食卓には戸川と奥さんがいて、戸川は新聞を見ながら朝食をとっていた。


 朝の挨拶を交わすと、戸川は真っ先に体に異常がないか聞いてきた。

また竜から落ちたと聞くと奥さんが非常に心配した。

落竜の件もあるし、大事をとって今日は休みという事になった。


 ただ突然休みと言われても、岡部には特にする事が思いつかない。

そんな岡部に戸川は、朝食を取りながら一つお願いがあると言いだした。



 お願いというのは梨奈の事だった。

梨奈は週末、家から一歩も出たがらない。

とにかく人見知りが酷く人ごみを極端に嫌う。


 口では旅行に行きたいなどと言うのだが、いざ旅行に誘うと、ああでも無いこうでも無いと理由を付けて結局旅行には来ない。

昔から外出のたびに熱を出す娘ではあったが、最近以前より体力が落ちてきたのか、ちょっと外出すると高熱を出し寝込んでしまうようになった。

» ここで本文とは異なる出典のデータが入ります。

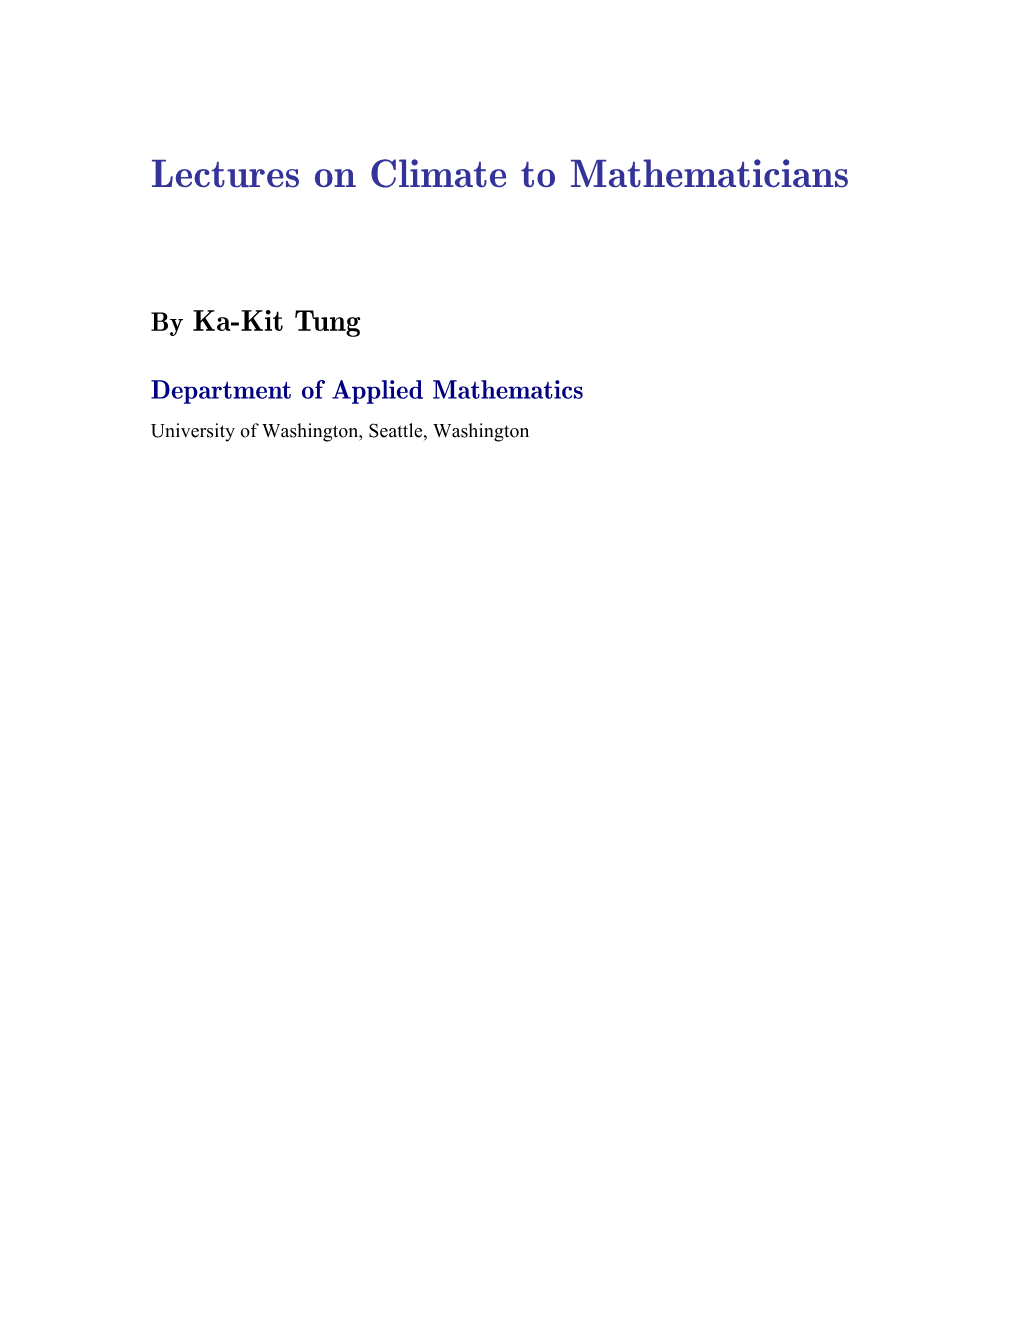 Lectures on Climate to Mathematicians

このままではどんどん体力が落ち、いづれは起きられなくなってしまいかねない。


 これまで見てきて梨奈は岡部には心を開いているように見える。

もしかしたら岡部なら梨奈を外に連れ出せるかもしれない。

どこか近場に連れ出し外出する事に慣れさせて欲しい。



「というか、土曜って学校じゃないんですね」


「え? 綱ちゃんのとこは土曜って学校やったの?」


 奥さんは首を傾げ逆に岡部に尋ねた。


「午前中、半日だけ学校行ってましたね」


「同じ範囲勉強するんやとしたら、こっちより先生の仕事の効率が悪いんかもね」


「……ありえる」


 岡部が少しがっかりした顔で言うと、奥さんと戸川は大笑いした。


「近場やったらどこでも良えから、とにかく外に出してくれたら良えから」


 そう言い残し、戸川は食卓を立った。




 岡部も、戸川と自分の膳を流し台に持っていくと食卓を後にした。


 洗顔を終え、客間で新聞を読みながらテレビを付ける。

まずどうやって話を切り出したら良いかから迷う。

そもそも両親ですら手こずるのに、自分なんかでどうにかなるものなのだろうか?


 奥さんが客間に来てどこ行くか決まったのか聞いてきた。

どうしたものか悩んでしまい思わずうなり声をあげる。


 そんな岡部を他所に奥さんは球技の速報を見て、今日は皇都勝ったみたいと喜んでいる。

前日の球技は蹴球だったらしく、皇都が岡山に二対一で勝ったという速報が流れた。

蹴球の総当たり表を見ると皇都は八球団中六位。

何とも微妙な順位である。


 地元がサッカーで有名な県だった事もあり、岡部もサッカーが好きで小学校ではサッカー部に入っていた。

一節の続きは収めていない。